Known as Nuvec, the particle has a novel surface structure that can be functionalised with PEI (polyethyleneimine) to strongly bind and protect oligonucleotides to help delivery to the cell membrane.
Crucially, it has been shown that this novel topography protects the plasmid DNA from nuclease degeneration. Upon reaching its target, the particle has strong cellular uptake based on charge attraction: it efficiently attaches itself to the cell membranes and enters the cell nucleus. Figure 1 illustrates the process of cellular uptake, endosome escape and nucleic acid release, and protein antigen expression.
Figure 1: Schematic to illustrate the Nuvec mode of action
A significant benefit, confirmed in preclinical work, is a loading capacity higher than that of alternative silica nanoparticle shapes. It is also versatile in that it can be loaded with multiple plasmids, both small and large.
Moreover, in animal model studies, when given a single IV injection and the followed with time, no significant changes in silica levels were detected in the plasma, liver, spleen and brain versus controls.
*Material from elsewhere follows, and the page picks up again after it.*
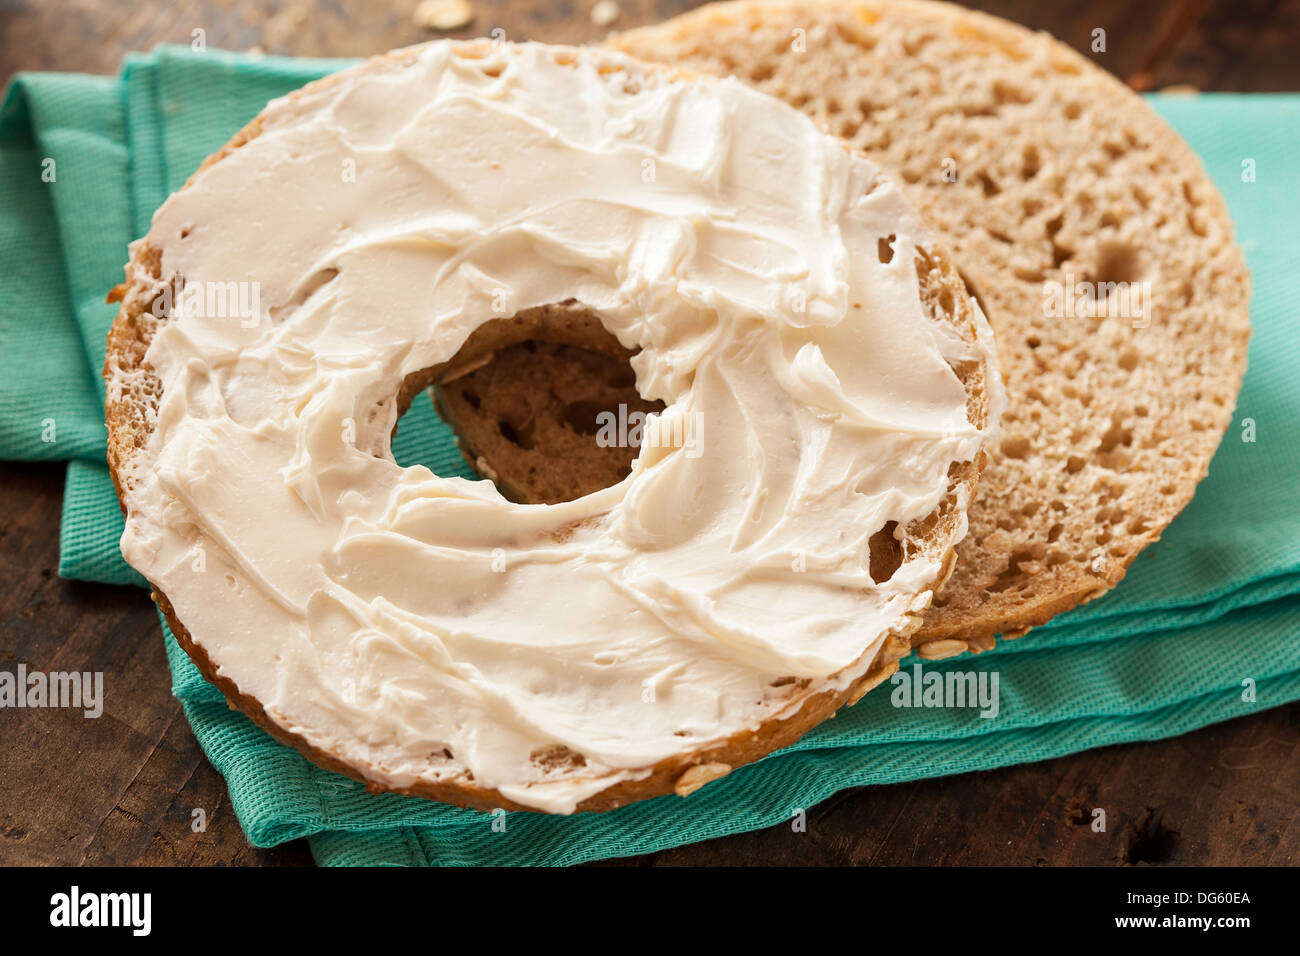 Healthy Organic Whole Grain Bagel with Cream Cheese Stock Photo

In the context of siRNA delivery, two siRNA molecules can be loaded. When delivered to the target cell, both can then act to modulate specific intracellular pathways. This allows for the targeting of specific tumours and the inhibition of identified signalling pathways.
A further interesting property is Nuvec’s thermostability. It can be freeze-dried, stored at room temperature or at –4 °C, and reconstituted up to 30 days later without degradation and loss of function of the nucleic acid payload.
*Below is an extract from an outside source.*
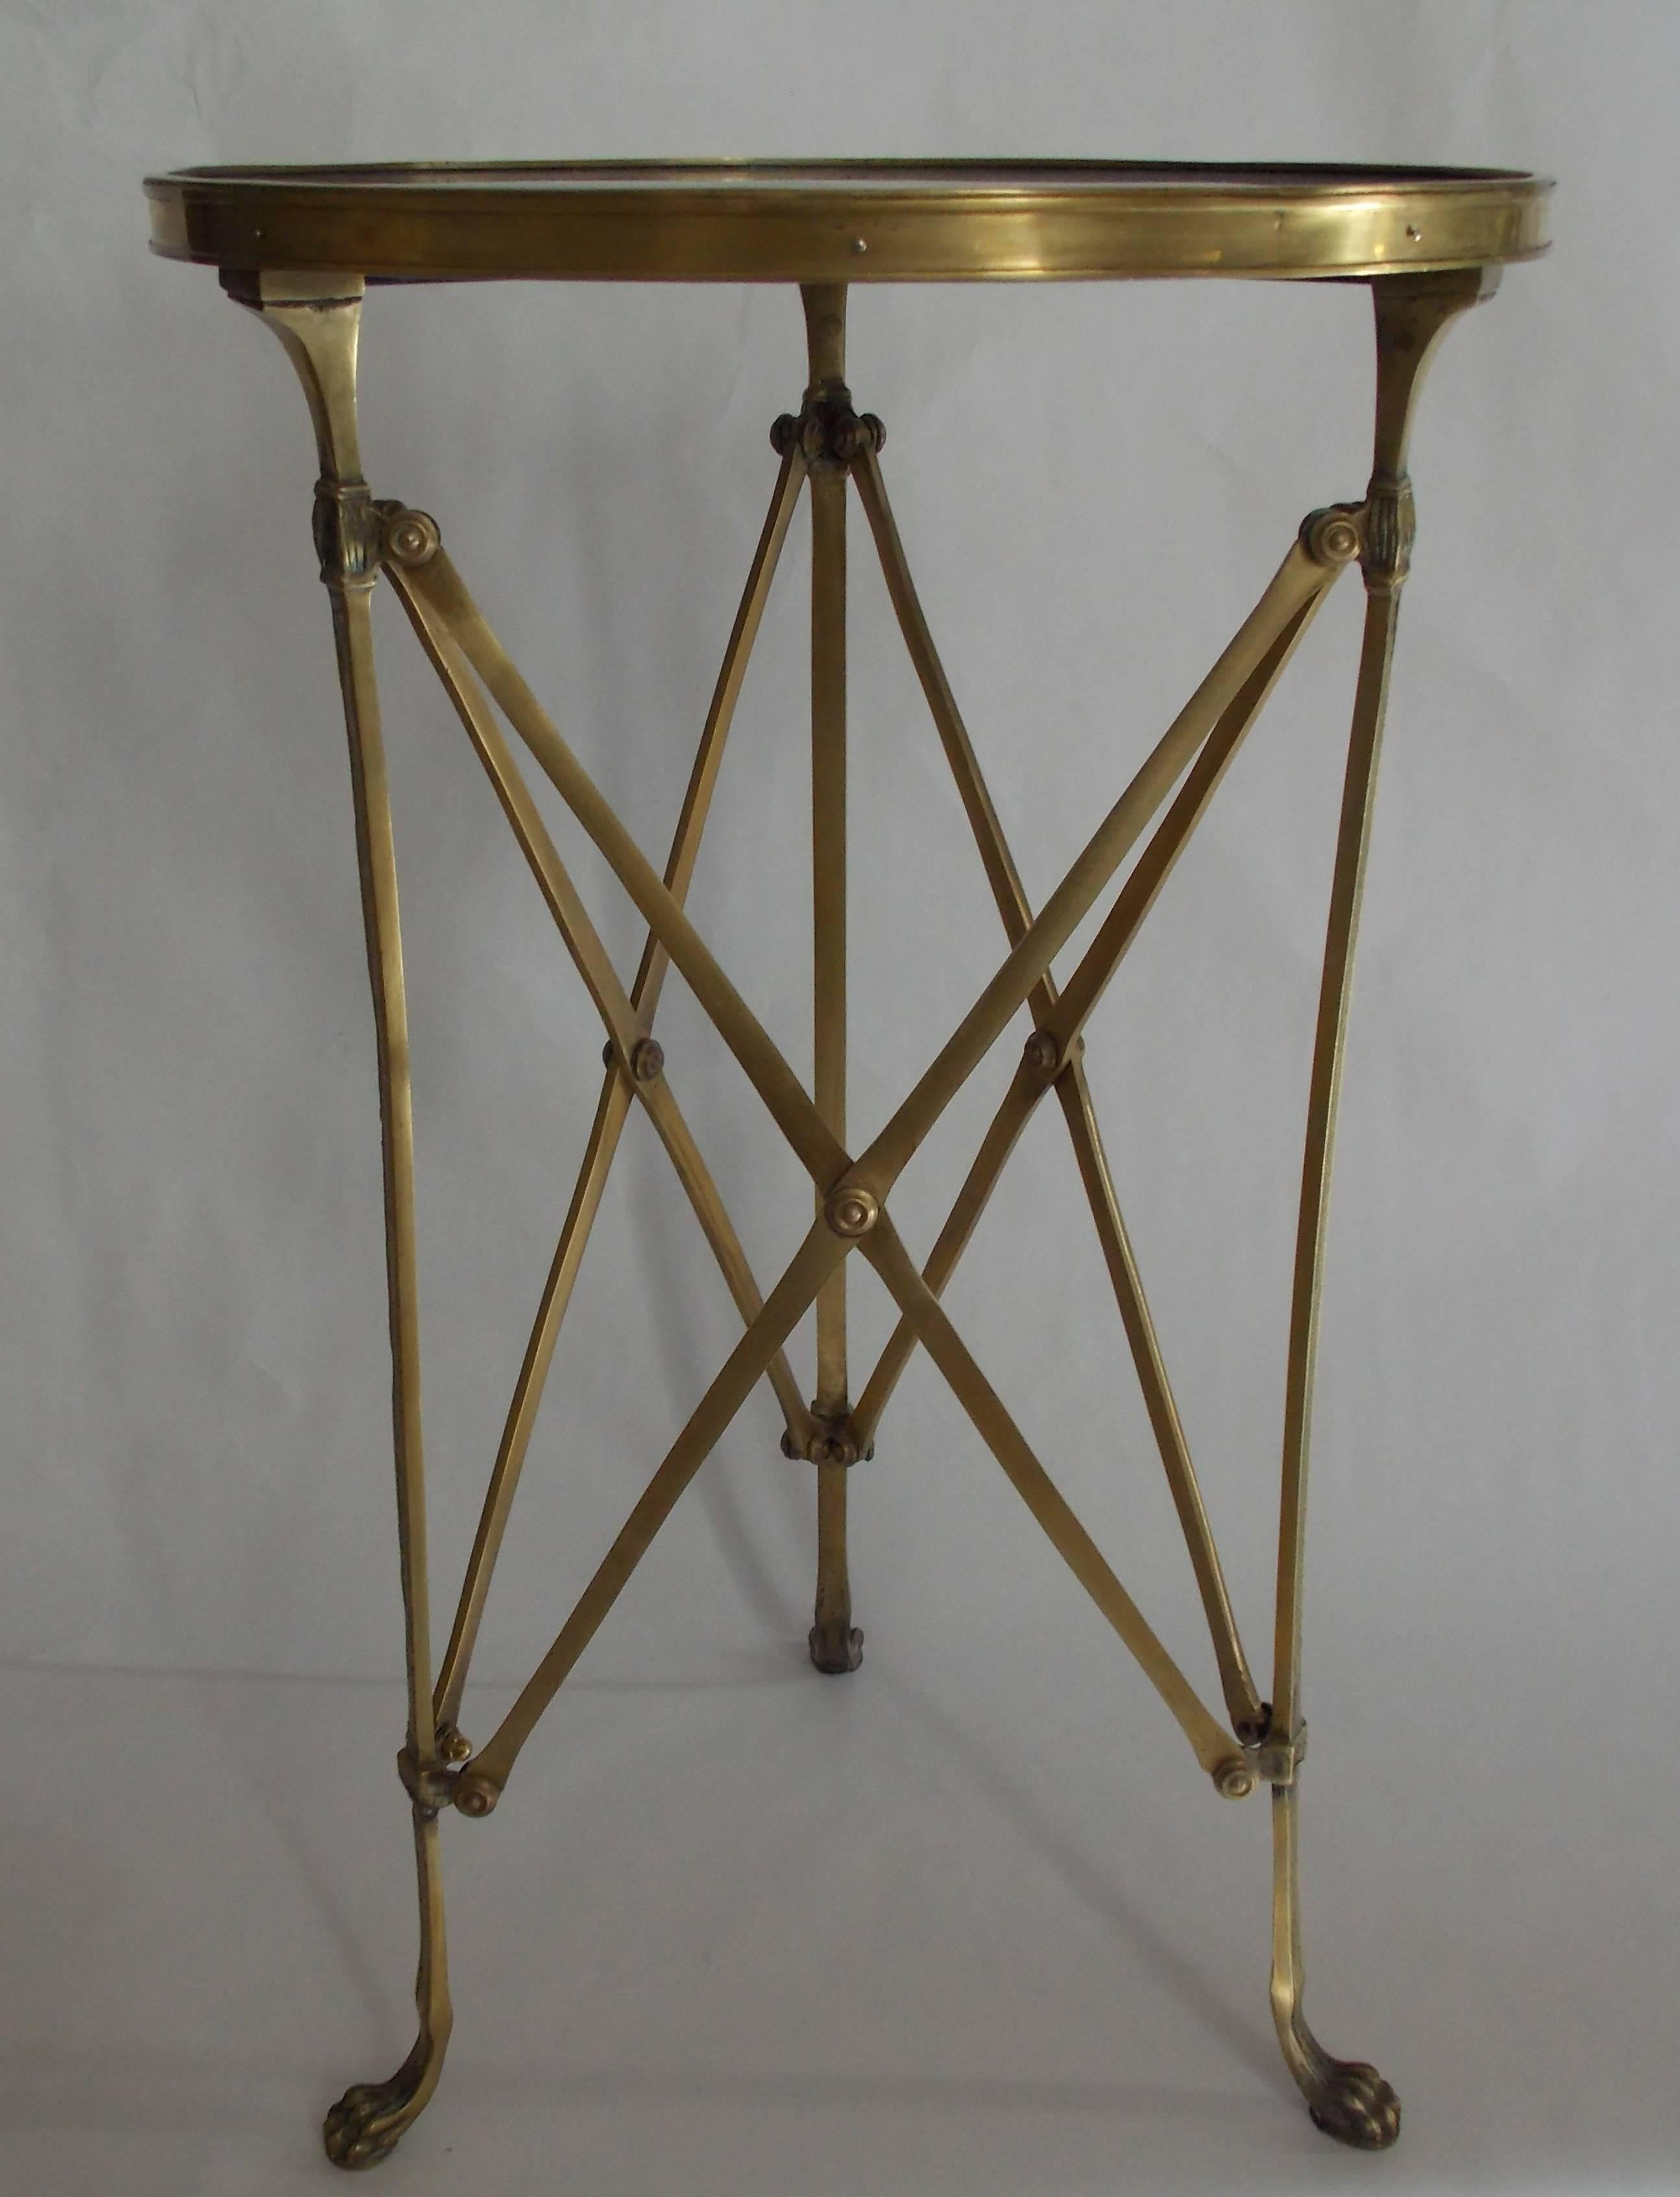 20th Century Pair of French Brass Neoclassical Gueridon Tables in the Jansen Manner

To date, companies developing DNA/RNA-based oncology drugs or vaccines have had a limited choice of delivery systems to work with — LPNs, viral vectors or electroporation being the established choices.
Although these can produce good results, there are significant challenges to overcome, such as undesirable side-effects (accumulation in the liver), the infection of healthy cells and the stimulus of unwanted immune cell activity.
In addition, the process and cost of manufacture of LPNs limits their application. With Nuvec, we aim to offer R&D and formulation scientists a viable and powerful alternative that addresses these issues and look forward to a future wherein Nuvec has enabled and accelerated the introduction of novel siRNA (and other nucleic acid based) therapeutics.